It’s one of the strangest interviews B&T has ever read, Miami News Time’s interview with Mr Boombastic aka Shaggy has shared his strategy for defeating ISIS.
The answer is apparently weed and Bob Marley music, so ISIS is a fifteen year old boy discovering reggae for the first time. Here’s an excerpt from the amazing interview:
One of your most recent singles is subtly named “Go Fuck Yourself.” Is there anyone you want to tell to go fuck themselves?
Shaggy: ISIS can go fuck themselves. That’s some crazy shit what they’re doing. It’s horrible, man. I can’t see… I don’t get that much hate. I just don’t get that level of evil. I can’t understand it.
You might need one after these ISIS comments.

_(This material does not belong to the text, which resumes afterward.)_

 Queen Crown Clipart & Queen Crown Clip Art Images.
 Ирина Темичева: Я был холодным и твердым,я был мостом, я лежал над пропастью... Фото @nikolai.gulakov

Yeah, man, but listen. I get someone having a cause. I get somebody fighting for their cause. And I get that people struggle; I get that they suffer. But how does that justify killing your brother? Taking their heads off and filming it… That’s a different level of evil right there.
Extreme Islam discourages and even bans music. Since music alters moods, maybe the lack of music affects ISIS militants?
If you’re able to cut a man’s head off, you’re sick. But right, music evokes emotion. So if they’re listening to Shaggy music or reggae music, they’re not going to want to cut somebody’s head off.
There’re two thing you want to do when you listen to reggae: You get somebody pregnant, or you’re fucking high. High people don’t want to kill nothing; they want to love. They need to bag some Jamaican weed and distribute it amongst ISIS. I guarantee there won’t be any more wars out there.
A couple of kilos is all they need then…
Man, it’ll put them in a vibe. And throw some Bob Marley up in there and there’ll be peace.
Some of these world leaders need to be stoners though, really.
There you go world leaders. Problem solved. Shaggy out.